First Certified Bee-Friendly Distillery in the U.S. Celebrates Pollinator Week!
At a time when pollinators (the birds, bats, bees, butterflies, beetles, and other small mammals that help sustain our ecosystem) are finally receiving the buzz they’re due, our farm share spirits partners at Far North Spirits have committed to an even higher level of support.
As one of only a handful of U.S.-based ‘estate distilleries,’ Far North Spirits’ owners, Mike Swanson and Cheri Reese, had already built one of the most sustainable distilleries in the country. Soon, Far North Spirits will receive the Bee-Friendly Farming Certification from Pollinator Partnership, making it the first distillery in the country to be recognized as such.
As an estate distillery (sometimes called a ‘farm distillery’), Far North Spirits grows its own grain and turns that grain into a finished product. It’s a business model that, to Swanson and Reese, produces a superior product that’s more eco-friendly (with a much smaller carbon footprint thanks to the raw materials needing little-to-no transportation to the distillery), but is also a business model that is especially susceptible to field conditions.

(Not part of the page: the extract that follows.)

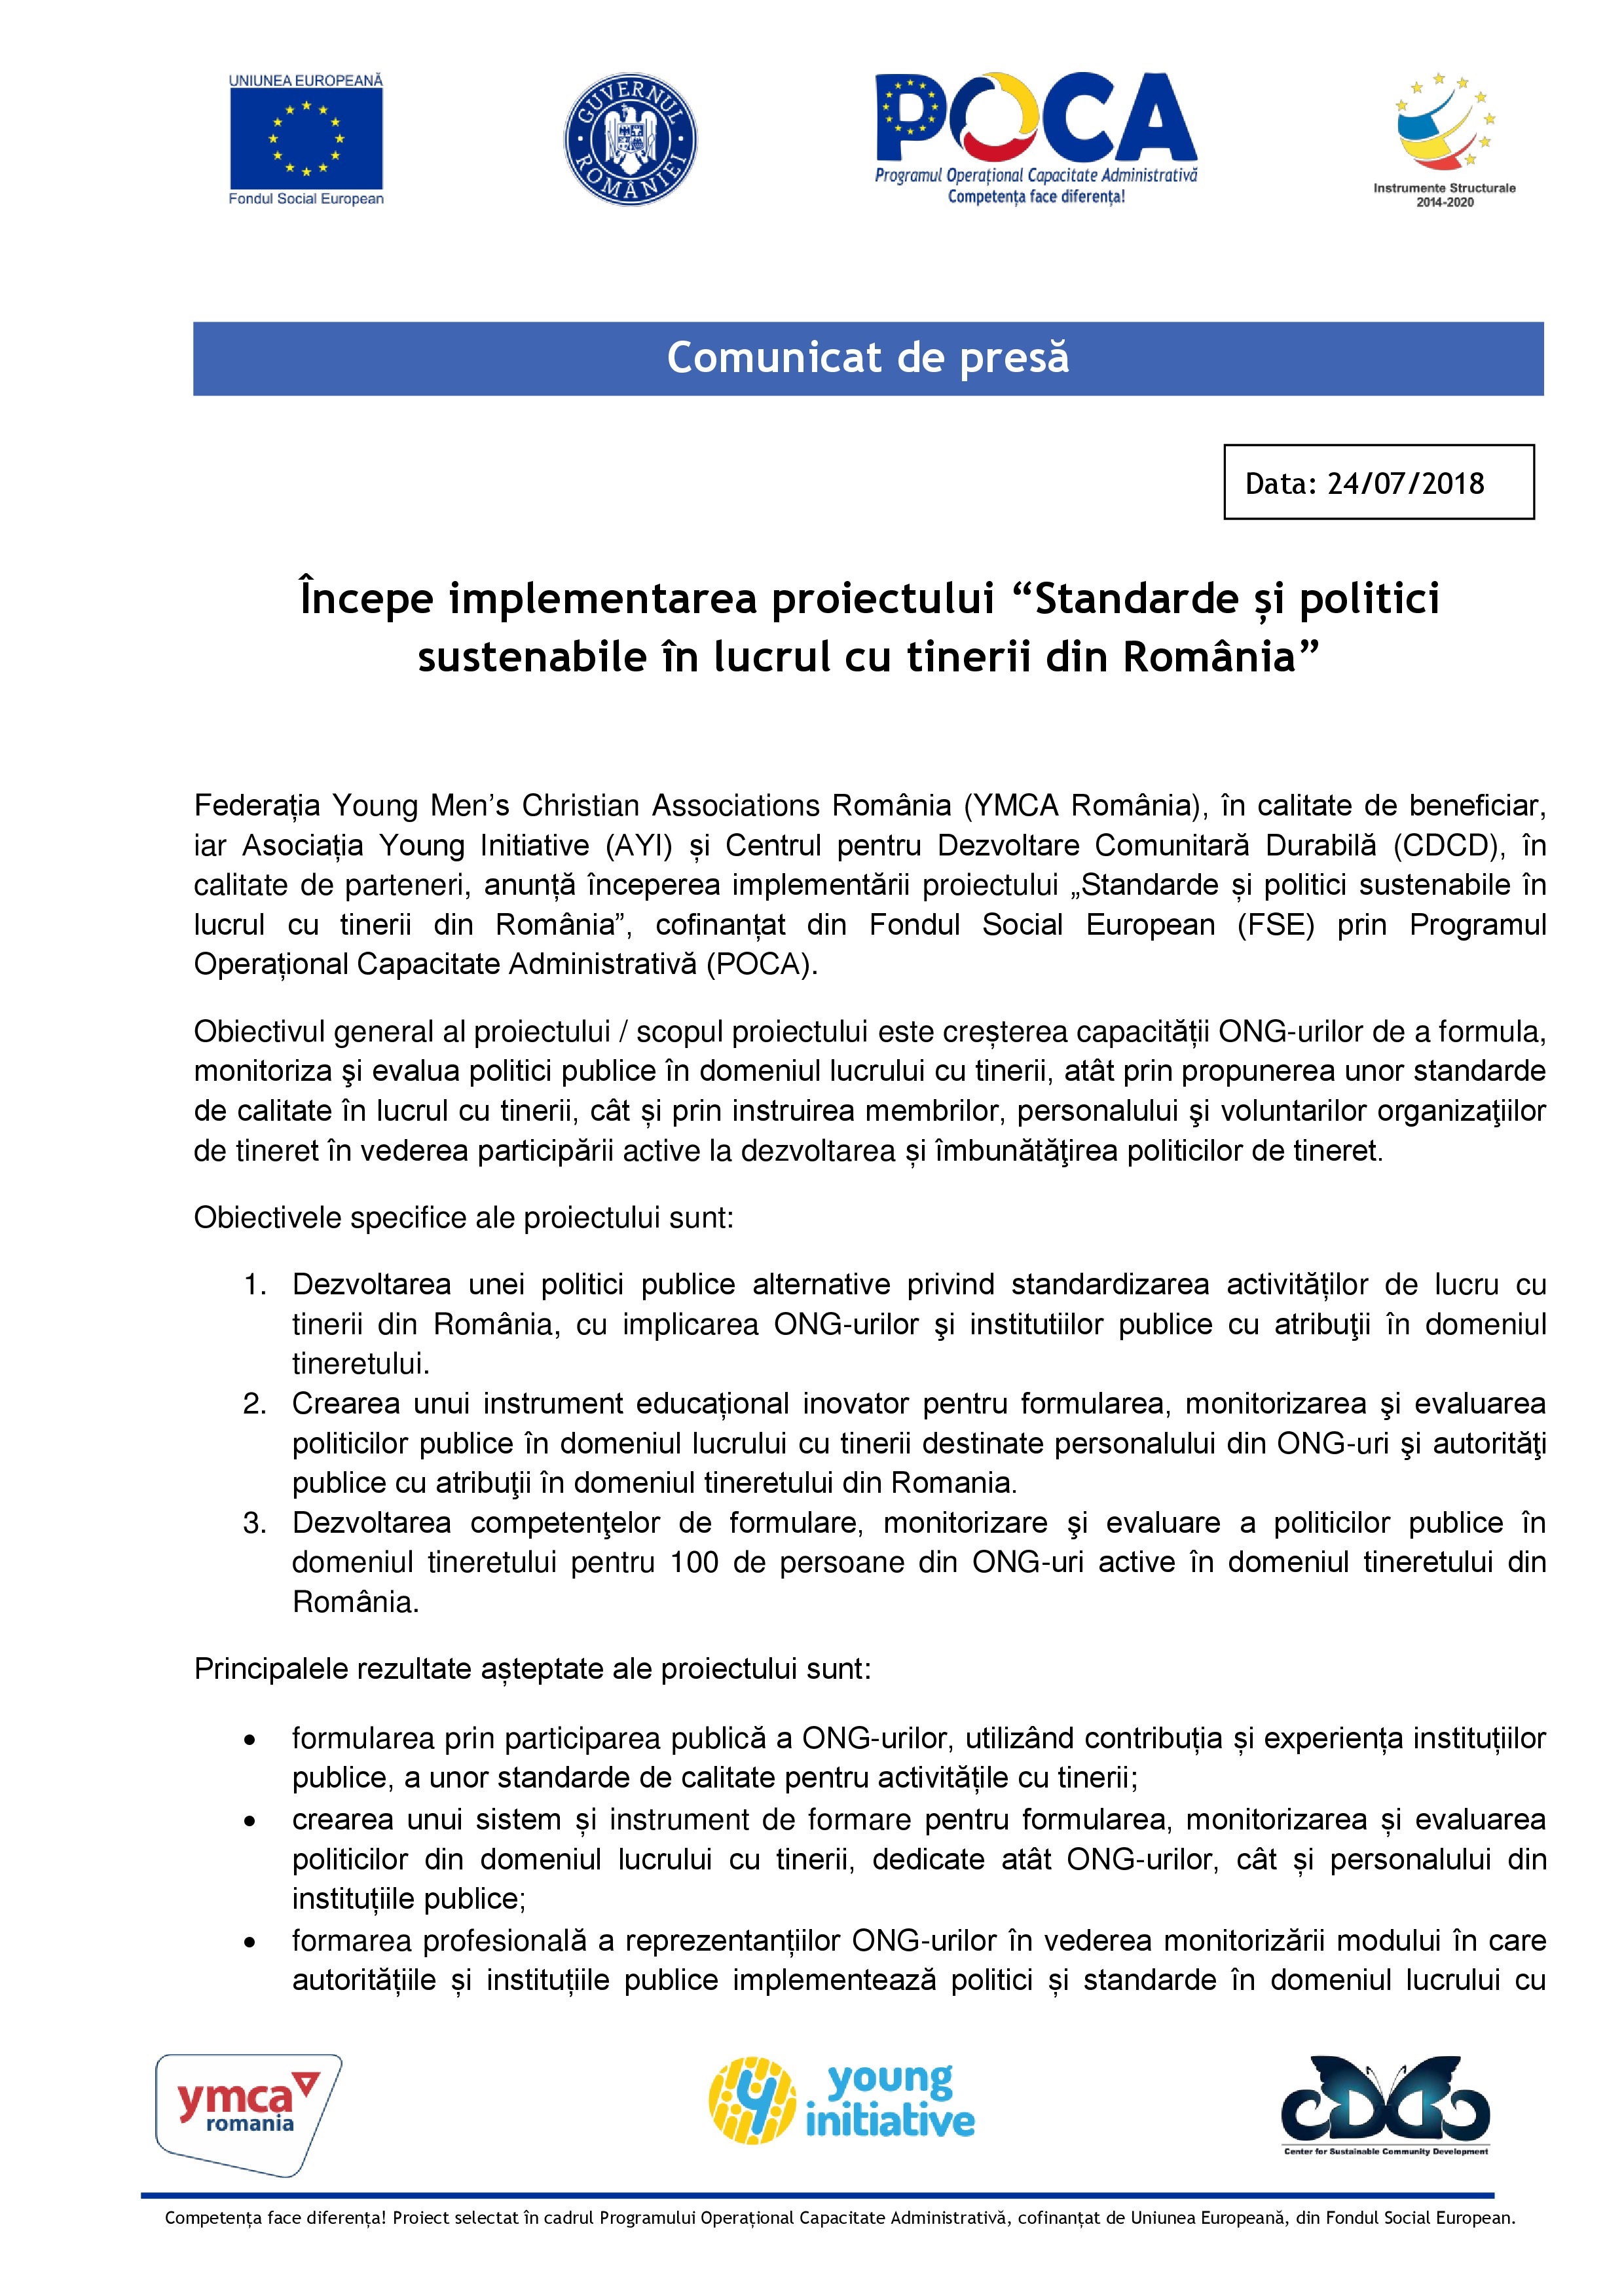 COMUNICAT DE PRESĂ: Demararea proiectului „Standarde și politici sustenabile în lucrul cu tinerii din România”

A fourth-generation farmer himself, Swanson knows that bees and other insects “provide billions and billions in ecological services” to support the nation’s growers. “If you’re a small farmer, you want your soil [and] your crops to be healthy, and you don’t want to spend a ton of money on fertilizer and chemicals unnecessarily.”
Still, even eco-conscious cultivators are suffering from the land-use practices of Americans nationwide – on farms, and in suburban yards. Years of pesticide use, a steady loss in habitat and food supply, as well as new and emerging diseases, have decimated the U.S. bee population since 2006. “The colony collapse disorder with the bee populations is a very pressing issue, and there’s so much more that can be done about that,” says Swanson.
Driven by the desire to have a greater impact, and inspired by bat-friendly growing practices employed by some agave farms in Jalisco, Mexico, earlier this year Swanson and Reese committed to certifying their business as bee-friendly.
It turns out that a lot of the practices in use at the Swanson farm for generations are also good for pollinators. “We were not a pesticide-intensive operation to begin with, which helps. We were also raising canola, which is a major honey-producing crop,” Swanson told me. (Fields just over the state border from Far North Spirits are so lush with canola that, improbably, North Dakota is the top honey-producing state in the country.)
An evolution of land-management customs is also necessary. As an example, Swanson mentions the practice of maintaining a margin of uncultivated land around fields (called ‘buffer strips’).
“[Farmers] complained and kicked up about the buffer strips years ago. They work [though], and there are guys that are finally starting to admit that around here.
“You can see the fields that have buffer strips on the edges – there’s no black dirt running into the ditch. They prevent erosion, and in those buffer strips are acres and acres of habitat for all these vital insects and birds.” Mike stresses that you don’t need to be a farmer, or even a landowner, to join the “bee squad” and help pollinators.
“There are basically 3 pillars of taking care of pollinators. One is to have the pollinating habitat, the actual flowers; two is the nesting – so some shrubs, some hedges; and three is a clean water source.” All are items that, even those with just a patio or balcony, can provide. And, to those who do have a lawn, Mike says “I think dandelions need better PR, but xeriscaped lawns are much more beneficial for a whole host of reasons than just acres of super-green grass.”
National Pollinator Week is from June 20-26, it’s a time to raise awareness about the critical role pollinators play in our ecosystem. To celebrate there are events planned and special releases at Far North Spirits in Hallock, and you’re invited; or take this week to do something to help pollinators thrive in your own neighborhood.
And, of course, for the next few weeks, in addition to featuring cocktail recipes in your weekly farm share made with Far North Spirits products, we’ll be featuring cocktail recipes made with honey, and/or Ida Graves Vodka, the Alexandria-based vodka distilled from raw honey.